While the model performance is comparatively higher in most of the study area, there are certain areas with somewhat higher errors. These areas are spatially located nearer to the coastal areas where the ocean dynamics are considerably more chaotic than the deep-water areas. With the shallow water level, highly unpredictable ocean waves, river freshwater discharge, ocean currents, and other factors, SST near shallow coastal areas varies more than in deep sea areas. This might be one of the reasons why the model shows a higher rate of errors in these areas compared to others. In addition, precipitation and wind have a significant impact on the SST variability in the study area [41].
There exists an abnormally high error area in the area near the Andaman and Nicobar Islands (near 10°N, 90°E). According to the study on Marine Heat Waves in the Bay of Bengal [42], a major Marine Heat Wave in May–July 2016 had been discovered in this area while observing spatiotemporal SST data.
Considering the factors that may have had an influence on SST prediction accuracy, it was assumed that this abnormal SST variation could have had an effect on the prediction capability of the model. To test this, we trained and tested the model for SST datasets before 2016. The results are illustrated below (Figure 7 and Figure 8). According to the results, it is safe to assume that there seems to be a slight effect of MHW on the SST prediction capabilities of the model. However, the data removal at this step seems to have had adverse effects on the model capabilities resulting in somewhat higher errors in other regions.

3.5. LIM and ConvLSTM Predictions

The ConvLSTM predictions made for the SST dataset in this study are of comparably lower performance with higher errors. As can be seen in the figure below, there is an increase in accuracy from ConvLSTM models to the new model. However, for the EOF and Lasso regression-applied LIM model, the prediction performance is higher compared to the capabilities of the fast MEEMD–ConvLSTM model, at least for short-term predictions. For longer prediction lengths (4 weeks), the fast MEEMD–ConvLSTM model surpassed both of the other models.

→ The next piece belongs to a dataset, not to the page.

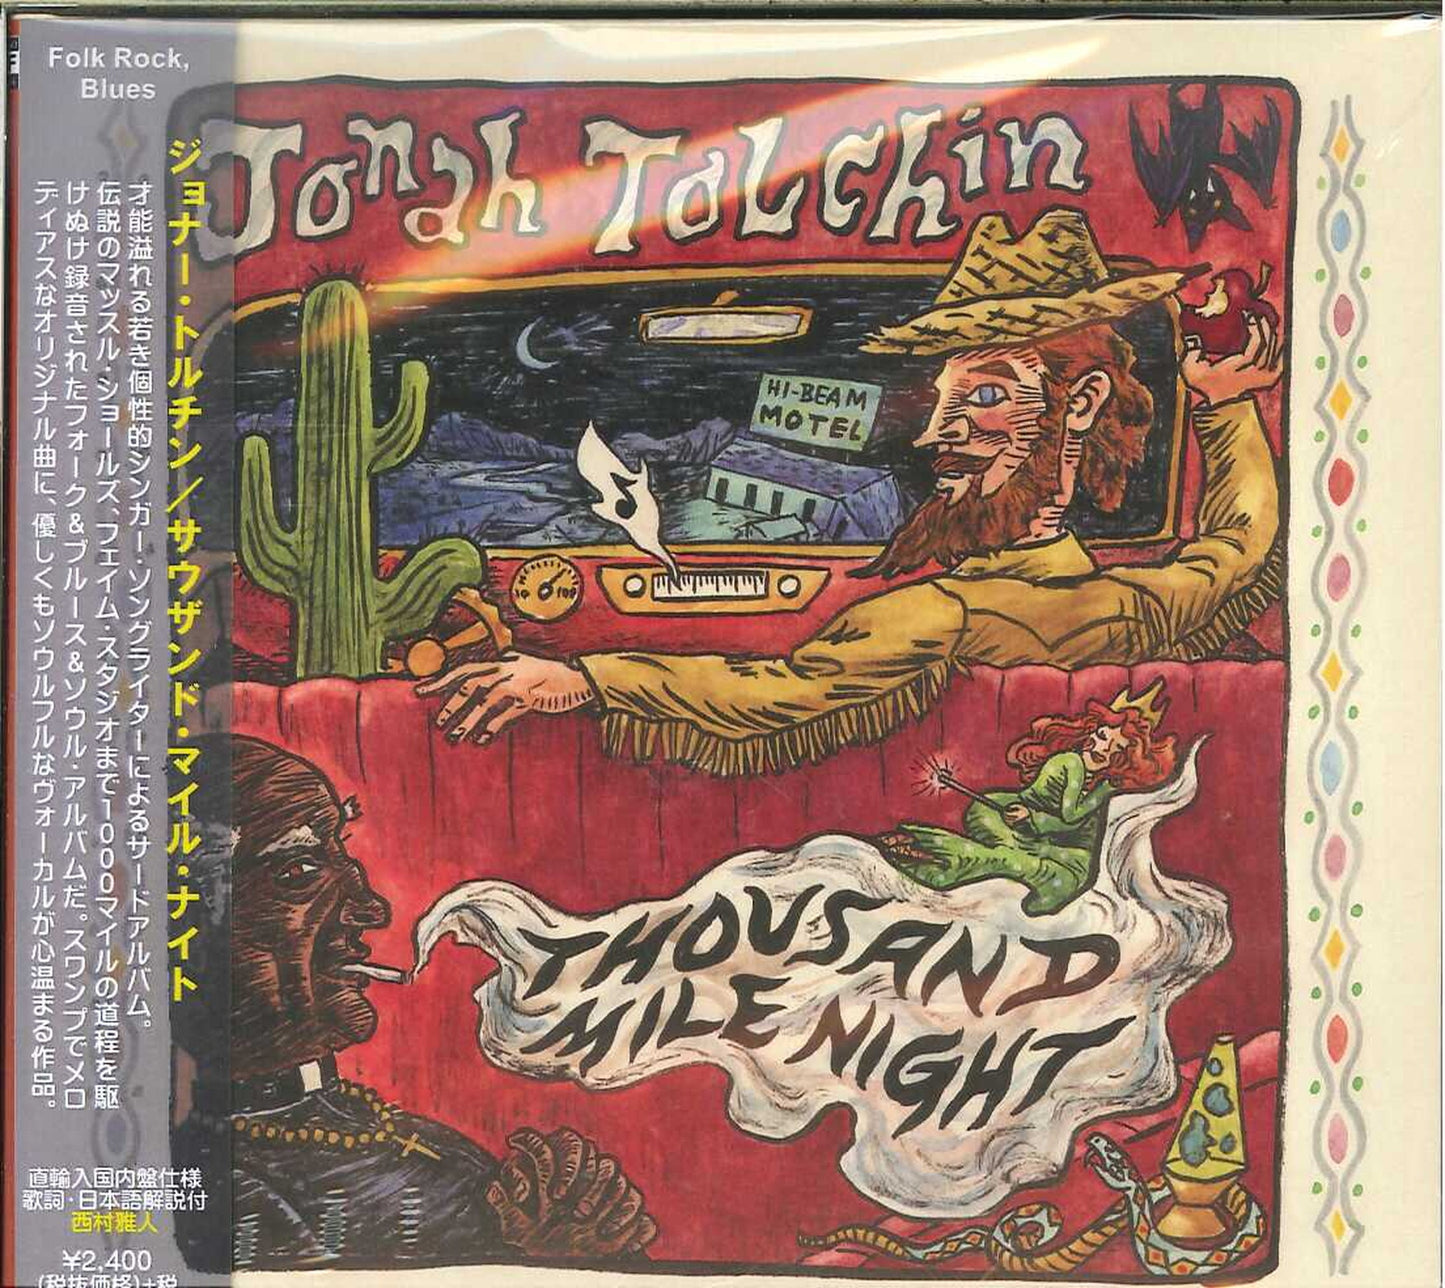 Jonah Tolchin - Thousand Mile Night - Japan CD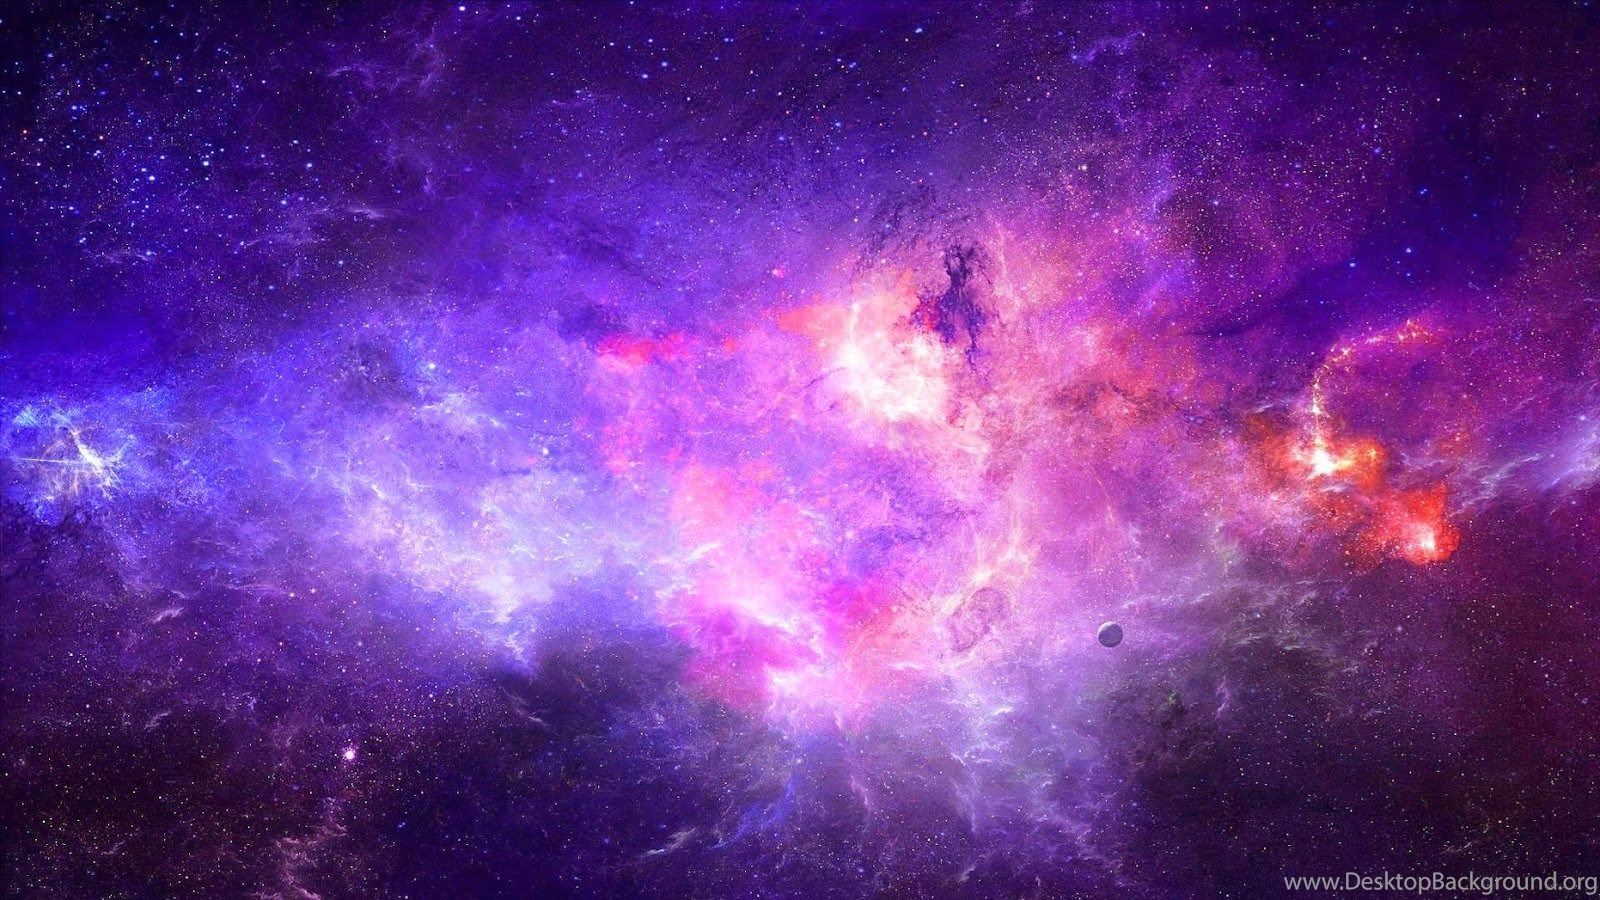 Galaxy Wallpaper Free Download: Galaxy Violet Wallpaper Desktop Background

The following figure (Figure 9) represents the mean RMSE and MAE variation of the three models for 1–4 weeks ahead predictions.
With lower RMSE and MAE values in comparison to the ConvLSTM predictions without the fast MEEMD method, the fast MEEMD–ConvLSTM model displays a higher success rate in enhancing a model’s capabilities. However, the EOF and Lasso regression-applied LIM model performs better in short-term predictions than the fast MEEMD–ConvLSTM model.
Once the model capabilities had been determined sufficiently, the created model was applied to SST data to predict future SST beyond the dataset used in the study. To do this, the model trained in the previous step was used. SST data from 26th March 2023 to 23th April 2023 were used to make predictions for the time period from 23th April 2023 to 14th May 2023. The SST dataset used to make the prediction (26th March–23th April SST dataset) was preprocessed through the same procedure as before. The only difference is that there is no train–test data split as this is a purely predictive process.
Once the data have been preprocessed through the fast MEEMD method, each IMF and residual function is used to make predictions using the previously trained model. Once predictions are made they are inverse transformed back to the original SST value range using the same transformative techniques discussed before. The predicted SST can then be mapped and compared with the true SST values.
As illustrated in Figure 10, the predictions made by the model for the time period from 23th April to 21th May 2023 is slightly different to the true SST values observed in the study area that increases with the prediction length. Due to the comparably low errors of the true and predicted SST, it can be determined that the fast MEEMD method is capable of improving the SST predictions of a model.
The results of SST image series prediction indicate the capability of MEEMD-based models to achieve significant success in multidimensional SST time series modeling. Therefore, it can be recommended for data-driven spatiotemporal SST modeling and forecasting tasks. For time sensitive tasks, fast MEEMD can be recommended. However, for tasks that value accuracy over speed, the MEEMD method must be employed. The reason for this is that the lossy compression employed in fast MEEMD would remove data that it deems unnecessary or redundant.

4. Conclusions

The fast MEEMD method has proven to be a better data preprocessing method capable of enhancing the model’s performance. As proven in this study, fast MEEMD-applied ConvLSTM model predictions surpassed the ConvLSTM model predictions used without it. It can be recommended for data-driven spatiotemporal SST modeling, interpolation, and short-term extrapolation tasks. For time sensitive tasks, fast MEEMD can be recommended. The only disadvantage of the fast MEEMD method seems to be its lossy compression method which would remove data that it deems unnecessary or redundant. However, this seems to have worked in favor for this particular study due to the high success rate. The removal of chaotic SST spikes in the time series seems to have made the predictions more accurate than the previous models.

Author Contributions

Conceptualization, R.W.W.M.U.P.W. and G.P.; Data curation, R.W.W.M.U.P.W.; Formal analysis, R.W.W.M.U.P.W.; Funding acquisition, W.W.; Investigation, R.W.W.M.U.P.W.; Methodology, R.W.W.M.U.P.W.; Project administration, W.W.; Resources, Z.Z., W.W. and Y.L.; Software, R.W.W.M.U.P.W.; Supervision, Y.L. and G.P.; Validation, Z.Z., W.W., Y.L. and G.P.; Visualization, R.W.W.M.U.P.W.; Writing—original draft, R.W.W.M.U.P.W. and G.P.; Writing—review and editing, W.W., Y.L. and G.P. All authors have read and agreed to the published version of the manuscript.

Funding

This study was jointly supported by the National Key R&D Program of China (2022YFE0203500), the Science and Technology Planning Project of Guangdong Province, China (2022B1212050003), the Chinese Academy of Sciences (CAS) Key Technology Talent Program of 2024, the special fund of South China Sea Institute of Oceanology of the Chinese Academy of Sciences (SCSIO2023QY01, SCSIO2023HC07), and the development fund of South China Sea Institute of Oceanology of the Chinese Academy of Sciences (SCSIO202201).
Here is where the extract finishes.